Prezydent USA Barack Obama potwierdził w przemówieniu z Białego Domu śmierć założyciela Al-Kaidy Osamy bin Ladena. W specjalnym oświadczeniu w sprawie śmierci bin Ladena prezydent USA podkreślił, że wytropienie szefa Al-Kaidy było priorytetowym zadaniem USA. - Operacja była rezultatem nagromadzenia informacji wywiadowczych i  akcji, do której prezydent osobiście dał zielone światło. W operacji zaatakowania domu, w którym ukrywał się Bin Laden, Amerykanie nie ponieśli żadnych strat. W akcji wytropienia przywódcy Al-Kaidy uczestniczyła także strona pakistańska - dodał prezydent. - Dziś sprawiedliwości stało się zadość - podsumował.

Al-Kaida się zemści?

Departament Stanu wydał komunikat, w którym zaleca się, by Amerykanie żyjący albo pracujący za granicą, szczególnie w regionach, gdzie w przeszłości dochodziło do antyamerykańskich wystąpień, powinni ograniczyć przebywanie poza domem i unikać zgromadzeń. Departament Stanu postawił także w stan pogotowia personel amerykańskich placówek dyplomatycznych.

Wszystkie stacje telewizyjne w USA przerwały swoje programy, aby podać wiadomość o zabiciu Bin Ladena. Przywódca organizacji odpowiedzialnej za atak terrorystyczny na USA 11 września 2001 r. zginął prawie 10 lat po ataku na wieże WTC. Na wieść o śmierci bin Ladena kilkaset osób zgromadziło się przed Białym Domem w  Waszyngtonie wznosząc patriotyczne okrzyki i flagi narodowe. Zebrani spontanicznie zaintonowali hymn USA.

Amerykanie się cieszą, dolar idzie w górę

Według relacji telewizyjnych, ludzie w całym kraju przekazywali sobie nawzajem historyczną wiadomość przez telefon, internet, Twittera i  inne elektroniczne media. Rodziny ofiar zamachu z 2001 gratulowały sukcesu amerykańskim oddziałom specjalnym. Obserwatorzy zwracają uwagę, że bin Laden został wytropiony i zabity w Pakistanie i zastanawiają się, jakie będzie to miało konsekwencje dla stosunków USA z tym krajem.

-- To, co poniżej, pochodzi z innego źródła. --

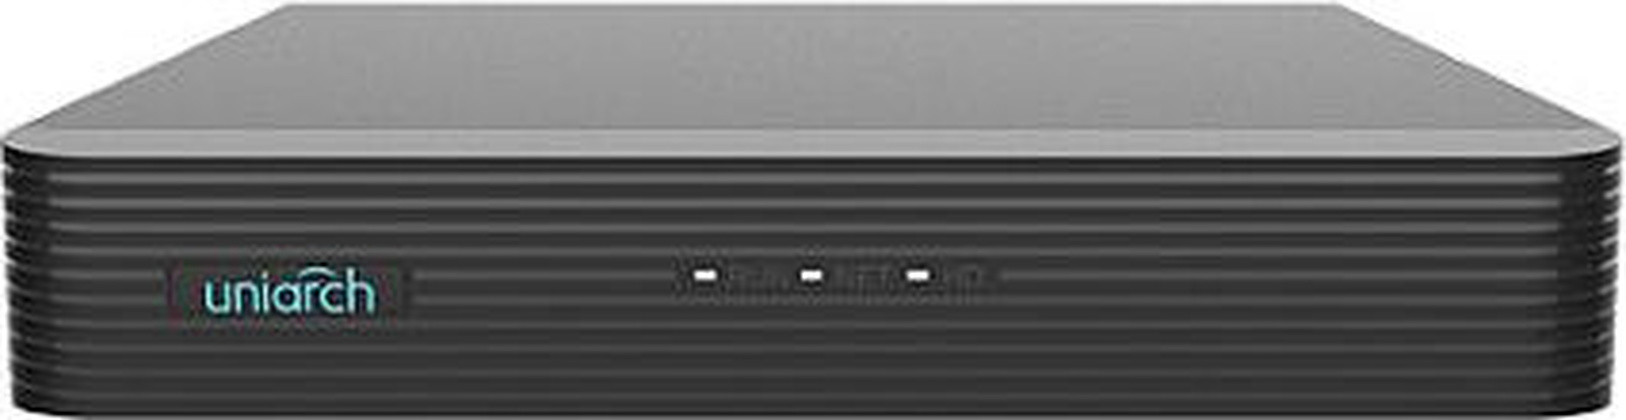 Видеорегистратор 4-канальный "Uniarch" [NVR-104E2-P4], 2USB, RJ45,1xVGA, 1xHDMI
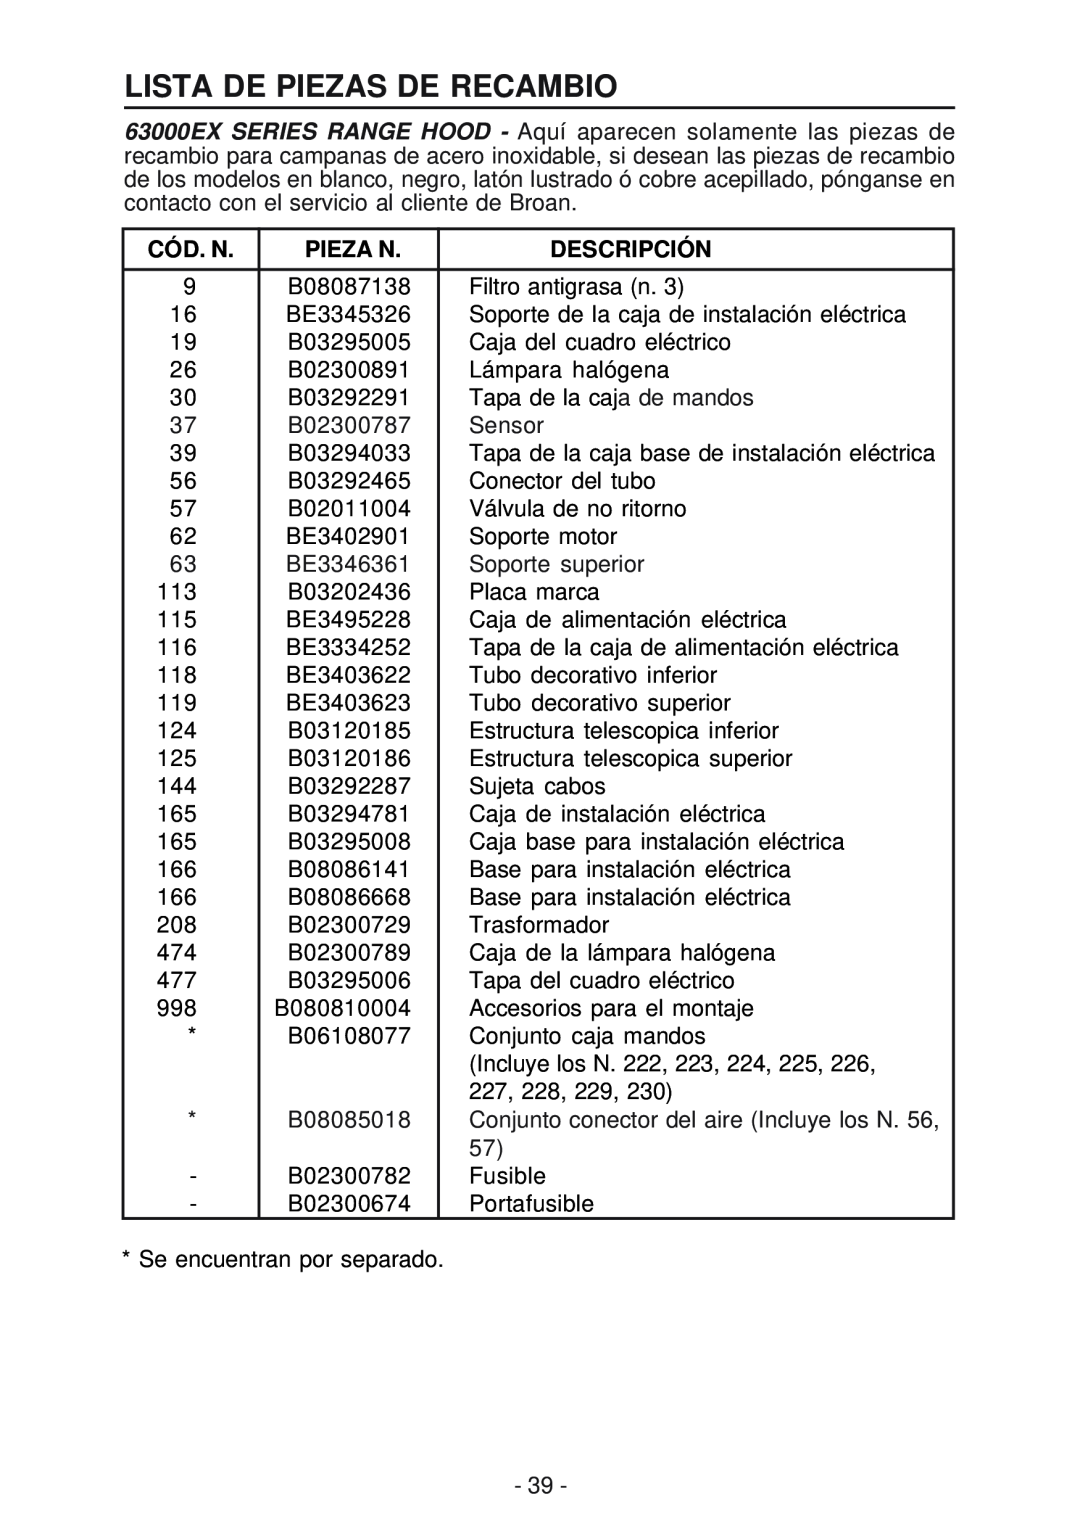 Broan 63000EX manual Lista De Piezas De Recambio, Cód. N, Pieza N, Descripción

Agencja AFP podała, że kurs dolara poszedł w górę po wiadomości o śmierci bin Ladena. Z kolei Reuters podał, że terrorysta został zabity w rezydencji pod stolicą Pakistanu, Islamabadem, w operacji dowodzonej przez siły specjalne USA. Według stacji CNN odbyło się to przy współpracy z Pakistanem. Śmierć bin Ladena potwierdził również wysoki rangą przedstawiciel pakistańskiego wywiadu.